# Calling All Pier King Fishermen Experts



## pwall1988 (Aug 16, 2013)

I have a quick question, lets says your fishing #10 and a guy is fishing next to you on #11. Fishermen #10 says "a fish is going after my bait". #11 comes to see and moves his bait parallel with #10. 5 minutes later #11 reel goes off. Fishermen #10 is upset. Who is in the wrong and who is in the right?

I need EXPERT opinions! No Noobs!!!


----------



## Reelturner (Dec 24, 2003)

I have been fishing off the end of piers since 91 and have learned one valuable lesson when I see fish approaching bait fish - "Keep your mouth shut!" Yes it is a God given natural reaction to announce the arrival of the prospect but one you must fight. Staying quiet keeps you from spooking the potential catch and others will not have an opportunity to adjust their bait, which may or may not make a difference. It just makes it a fair catch for everyone. Happy continued fishing!


----------



## pwall1988 (Aug 16, 2013)

I've been kingin for 2 years hard and i learned that a long time ago. When a fish goes after mine I don't say ****!!! This guy told everybody on the end that a Spanish was swirling his bait. I go to look and put my bait out not quiet next to his but closer then it was. The guy made jokes about me stealing his fish and later found out he was really upset. If I'm in the wrong, I would like to know so I don't do it again. But I've had people do this to me plenty of times. I had a Cobia after my bait last year and the people beside me on both sides slid there bait parallel to mine. I wasn't bothered, I took it as part of the game.


----------



## Garboman (Jul 22, 2010)

pwall1988 said:


> I have a quick question, lets says your fishing #10 and a guy is fishing next to you on #11. Fishermen #10 says "a fish is going after my bait". #11 comes to see and moves his bait parallel with #10. 5 minutes later #11 reel goes off. Fishermen #10 is upset. Who is in the wrong and who is in the right?
> 
> I need EXPERT opinions! No Noobs!!!



Not really an expert here cause there were no numbered stations where I king fished, however this is an interesting dilemma....
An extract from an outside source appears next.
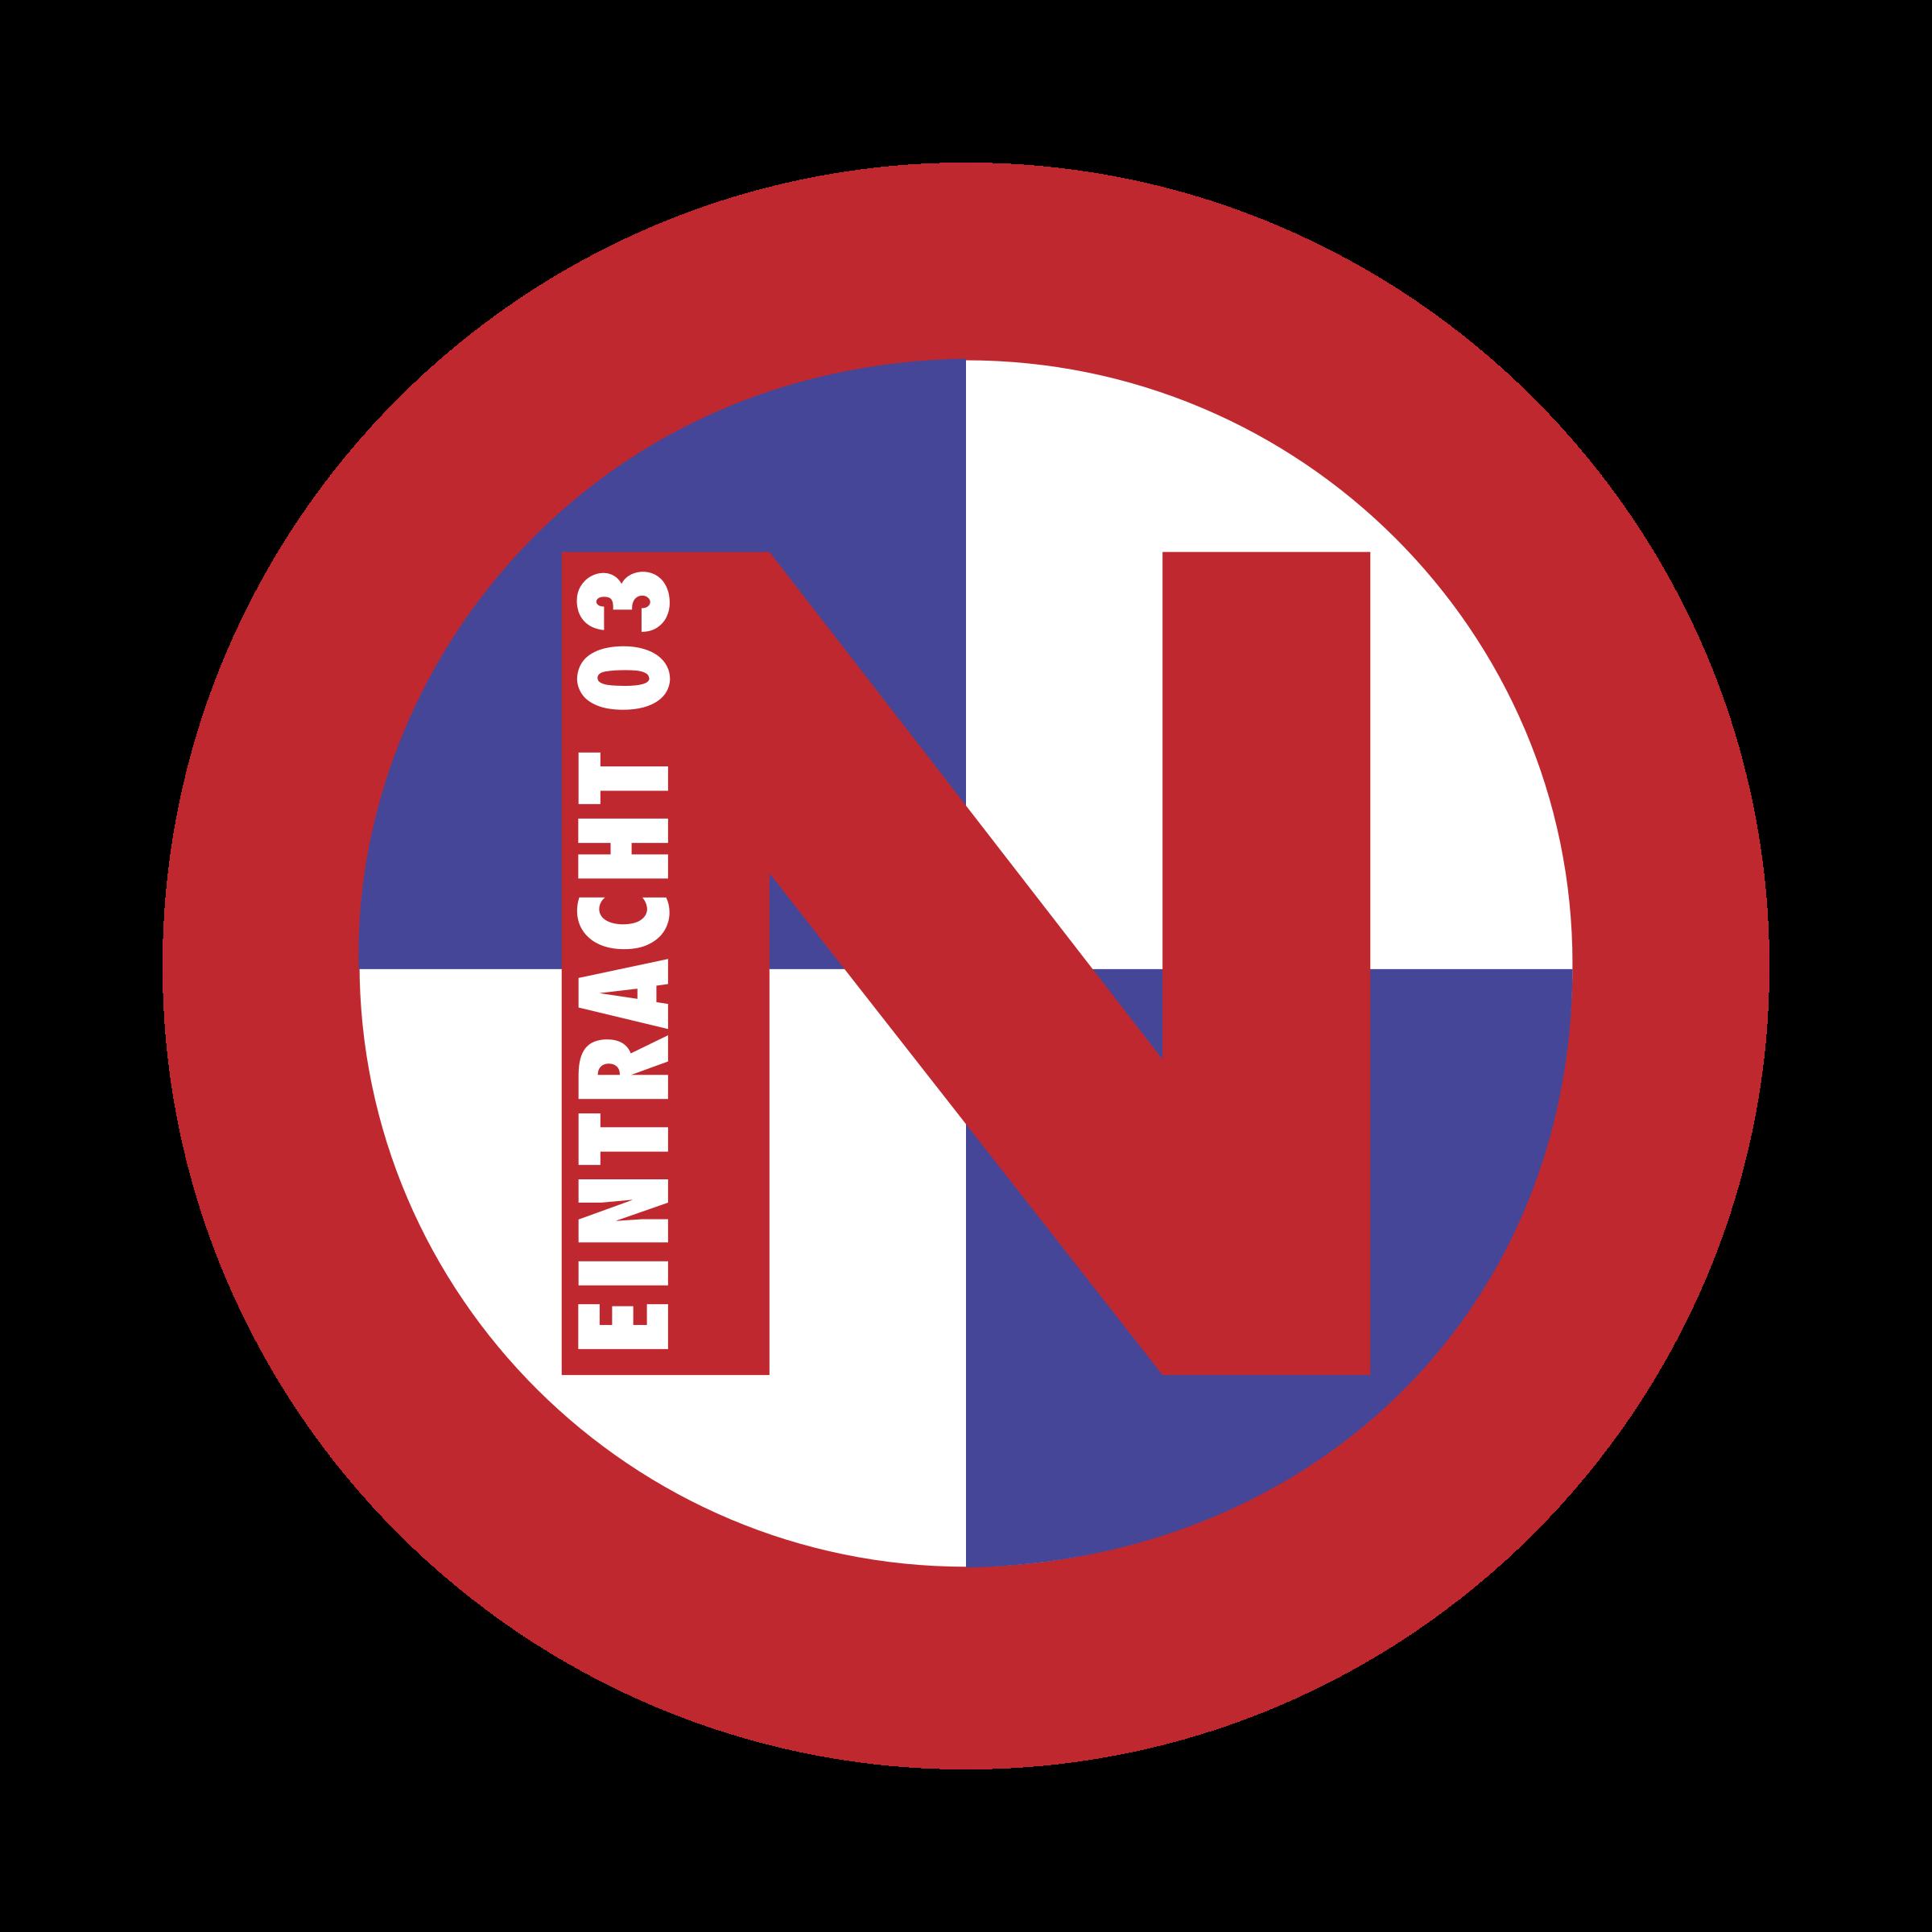 Eintracht Norderstedt Logo Png Transparent & Svg Vector - Freebie Pluspng.com  - Eintracht Logo PNG

If fisherman #11 is larger than fisherman #10 then fisherman #11 is right of course size all ways ranks #1 at the end of the pier.....unless fisherman #10 is armed and dangerous...........then fisherman #10 would be in the right

Fisherman #10 will have learned the important adage to next time keep his mouth shut..........until he is hooked up..........then he can talk all he wants about anything.........


----------



## pwall1988 (Aug 16, 2013)

> Not really an expert here cause there were no numbered stations where I king fished, however this is an interesting dilemma....
> 
> If fisherman #11 is larger than fisherman #10 then fisherman #11 is right of course size all ways ranks #1 at the end of the pier.....unless fisherman #10 is armed and dangerous...........then fisherman #10 would be in the right
> 
> Fisherman #10 will have learned the important adage to next time keep his mouth shut..........until he is hooked up..........then he can talk all he wants about anything.........


 haha 

For argument sake:
Lets say he doesn't say anything and I notice a fish going after his bait. I then send my bait out closer to his. Is that wrong??? or is it part of fishing???


----------



## 1BadF350 (Jul 19, 2006)

Niether is in the wrong or right. Its part of fishing.


----------



## pwall1988 (Aug 16, 2013)

> Niether is in the wrong or right. Its part of fishing.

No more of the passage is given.